If we figure out nothing breaks when we remove the requirement, then we should drop it: Every requirement causes some overhead in implementation and validation. In the present case, the implementation overhead would be all the indexes on the various obs_id columns, which I would not otherwise need. The validation overhead are the extra queries that taplint needs to do. Having overhead for no benefit (in terms of things not breaking) goes against sensible parsimony in what we ask our adopters to do (and I'll officially admit here that we do ask quite a bit already).
… and why do we validate them?
In the mail I have cited above, Mark has kindly offered to just not run the query in the validation suite, and all this philosophy was really intended to lead up to a “thanks, but no thanks”.
That is because, first of all, requirements that are not checked by a machine are requirements that are not met. You see, what we do is hard. Sure, there are harder problems in computing, but globally distributed information systems run by only loosely connected parties are rather non-trivial. People writing code to solve non-trivial problems will get it wrong.
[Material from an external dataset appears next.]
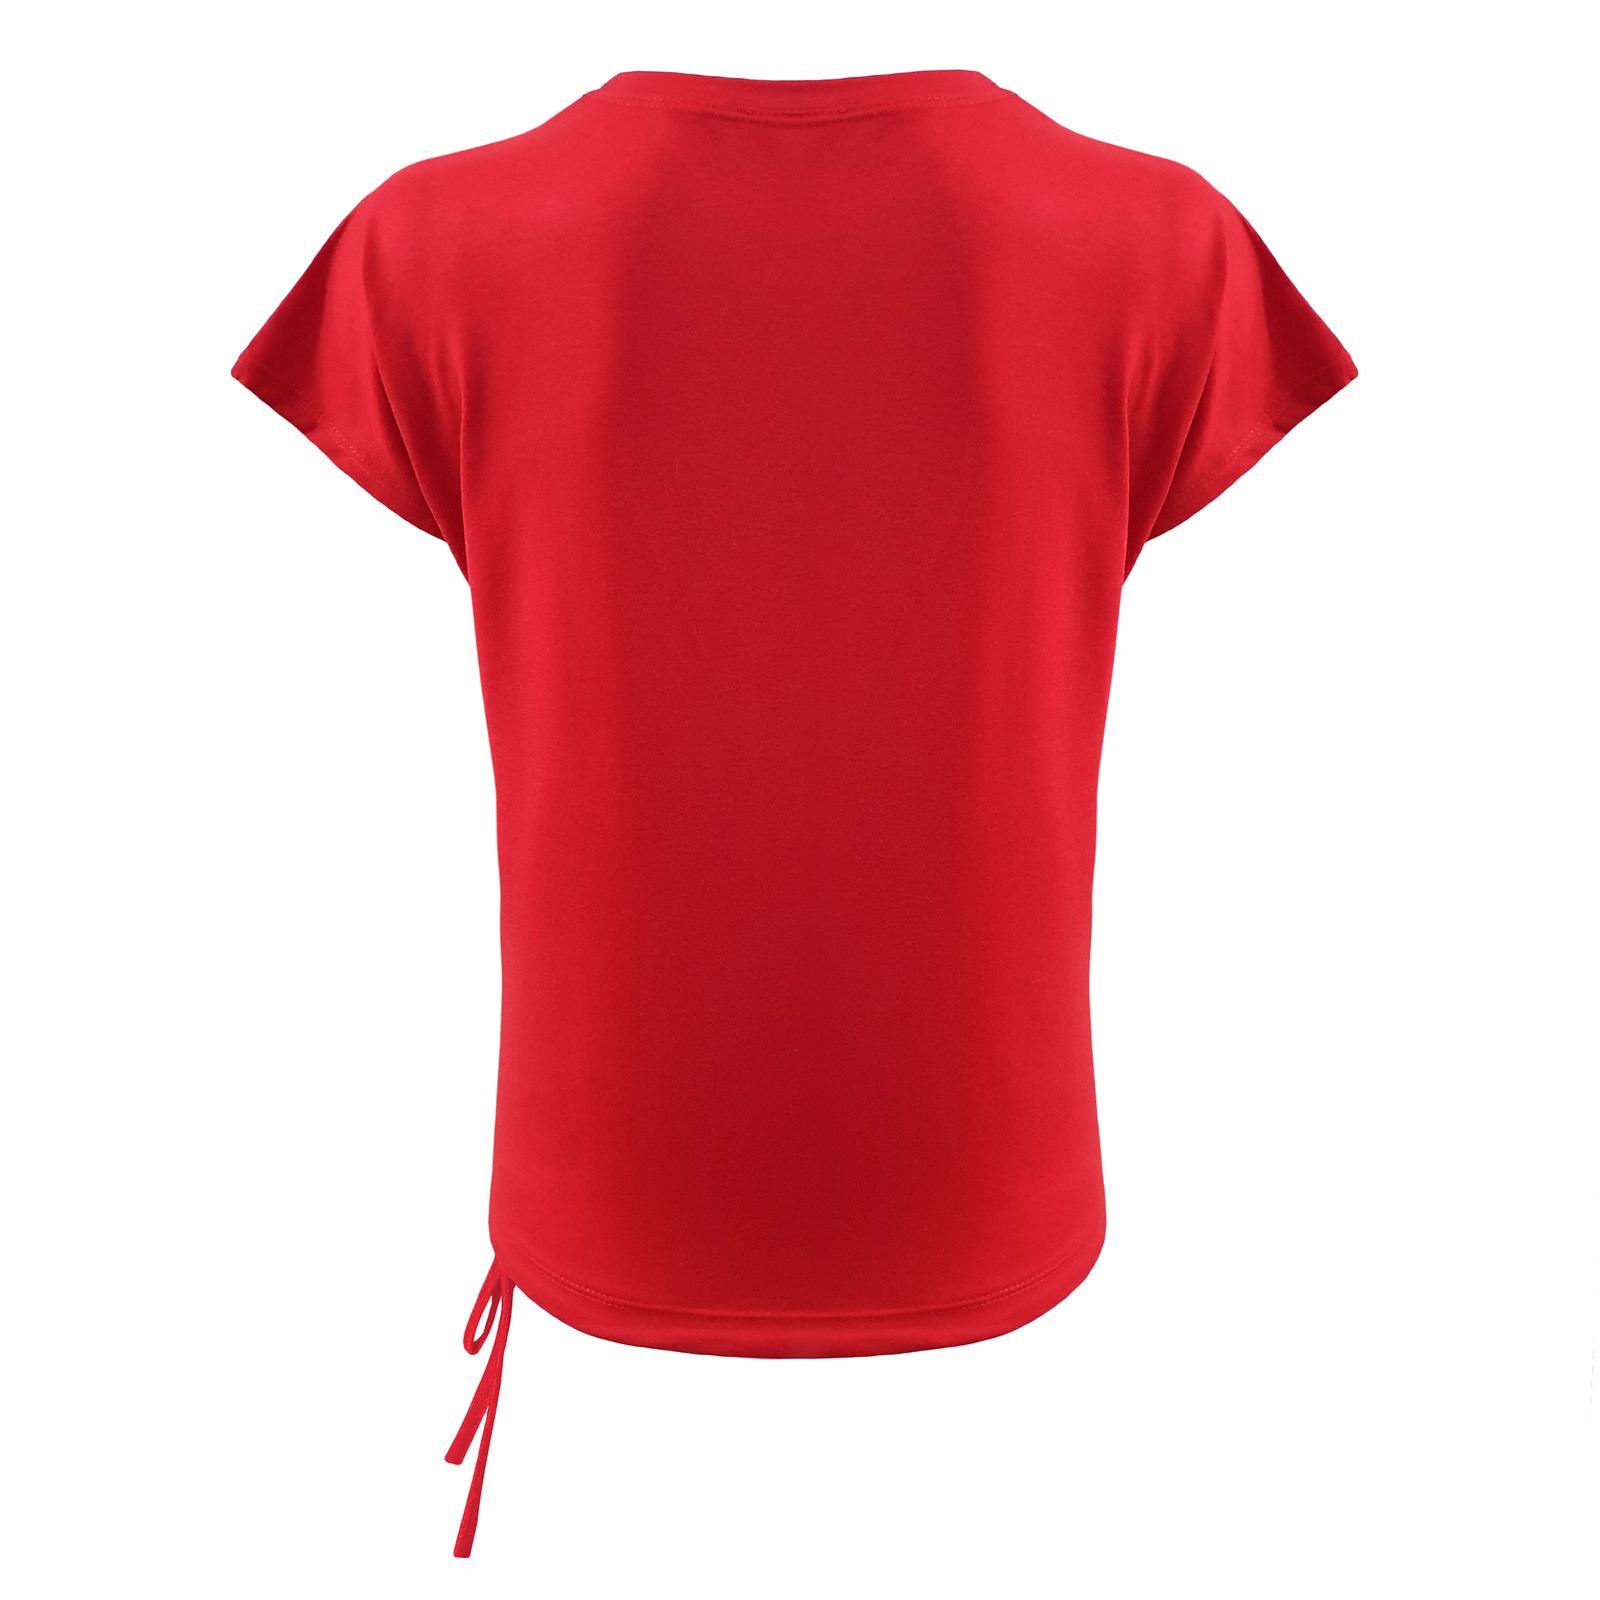 تی شرت زنانه افراتین کد 2544 رنگ قرمز -  - 4
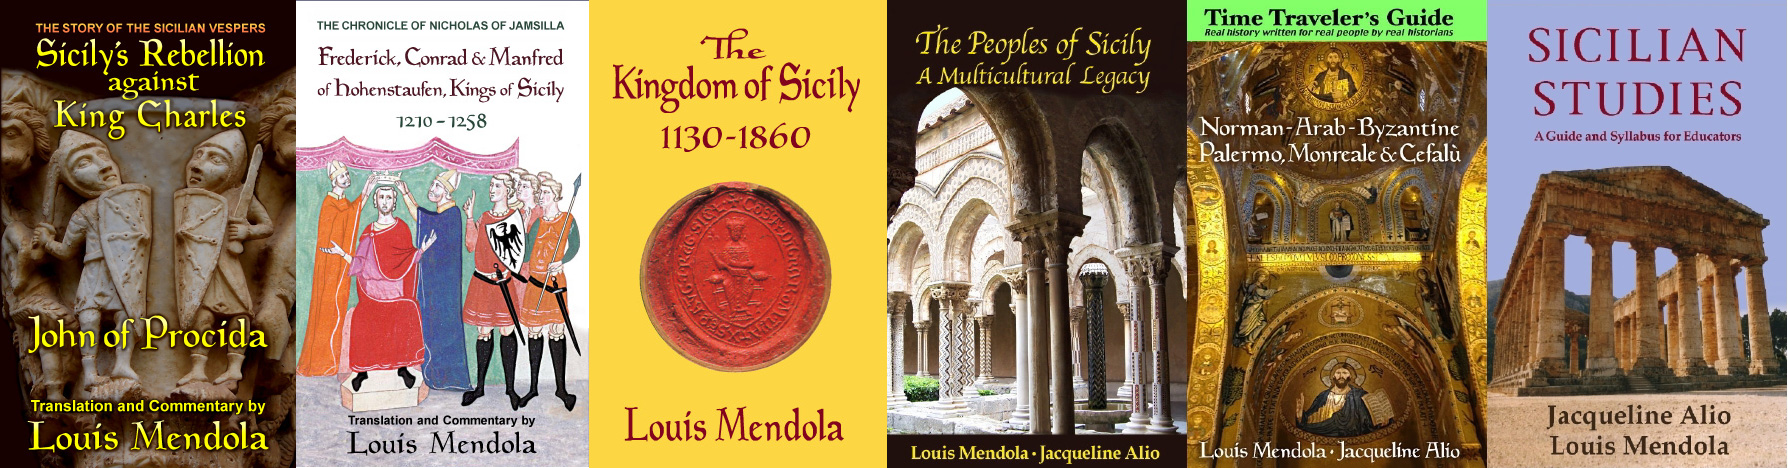 kingdom of two sicilies louis mendola

The common way to deal with this fact is to test with one client and call it a day when that client seems to work for whatever was chosen as a test case. To mention a non-VO standard where this implement-to-the-client method failed horribly and continues to fail horribly: ACPI, the part of the firmware that's supposed to make, for instance, suspend-to-RAM something one doesn't have to think about. Vendors usually stop developing their ACPI code when the current version of Windows does not fail horribly with their implementation. A paper in the proceedings of the 2007 Linux symposium discusses some of the consequences in the least offensive way conceivable – and in a way that I, as a VO developer running quite a few Linux boxes, can very much relate to.
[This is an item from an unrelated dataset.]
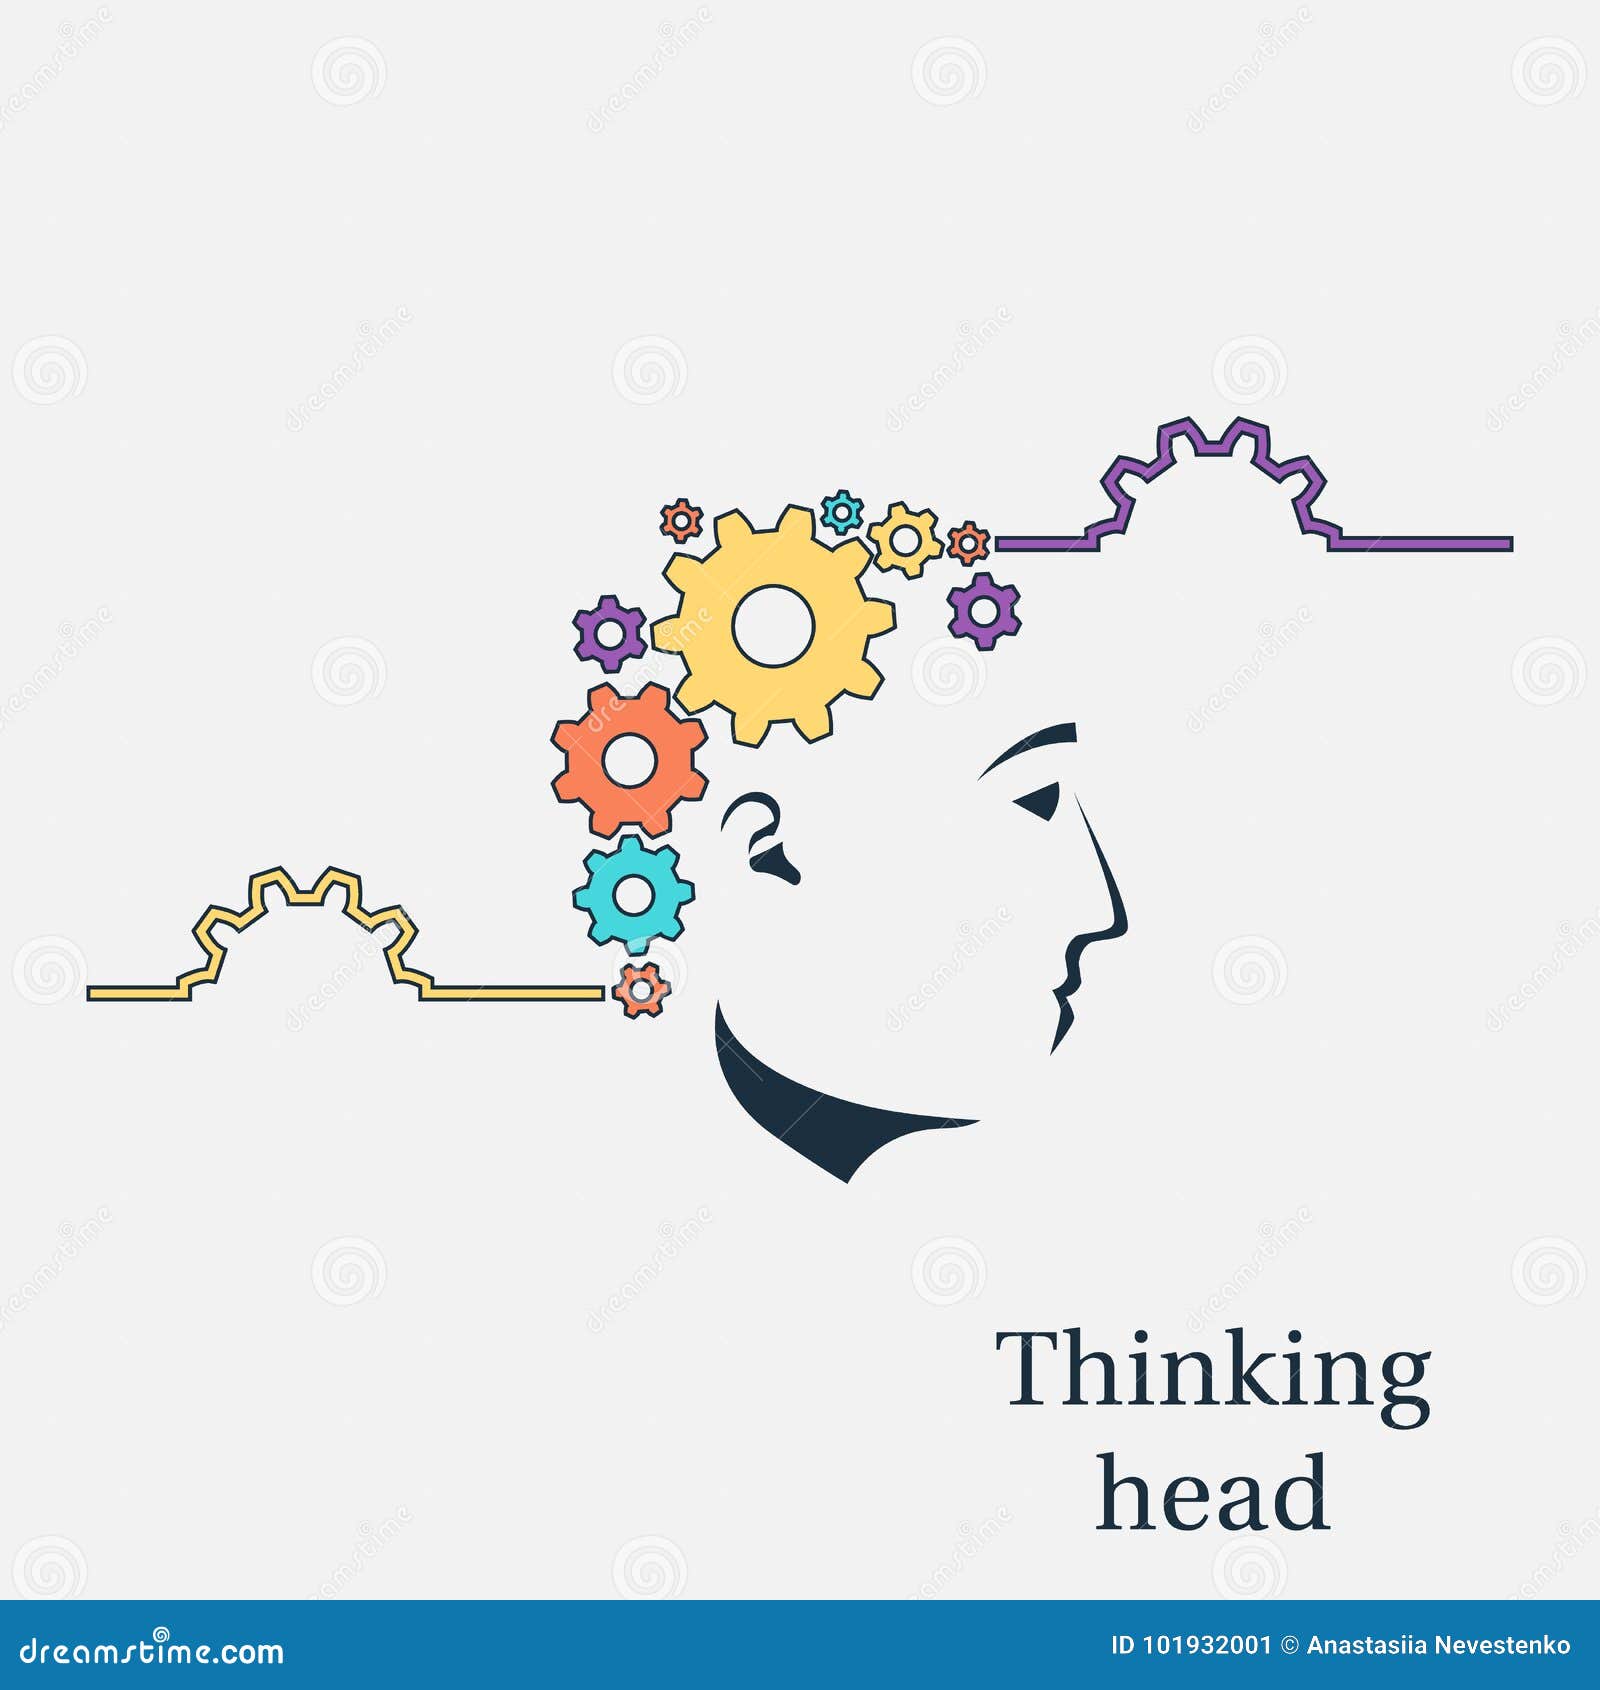 Thinking head vector stock vector. Illustration of brainstorm - 101932001

The bottom line is that if an unmet requirement breaks things and validators do not check for that requirement, then services will work to some degree with a certain client and break as soon as people switch to a different client (or perhaps only try to be smart). That's in stark contrast to one of my main selling points when I do VO teaching: „Hey, you can prototype with TOPCAT, and when you've figured out things, just switch to pyVO so you can scale, automate, and make your work reproducable“.
So, let's try to avoid unvalidated requirements.
Instead, let's have as few requirements as we can while covering the use cases we envision. And then let's have great validators that make sure these requirements are met by the services (or instance documents, or whatever it may be). Such validators not only help making the VO an effective environment that's fun to work with. They also give service operators – like… me – a peace of mind that nothing else can provide.
|I keep a rather tight limit on the sync queries because the system also answers registry discovery queries, and these should be reasonably snappy. If I let long sync queries run, it is very easy to overload the system by accident. If I don't, people who want to run long queries can move to async. There, jobs are queued and only let in one or two at a time. That will not (usually) overload anything.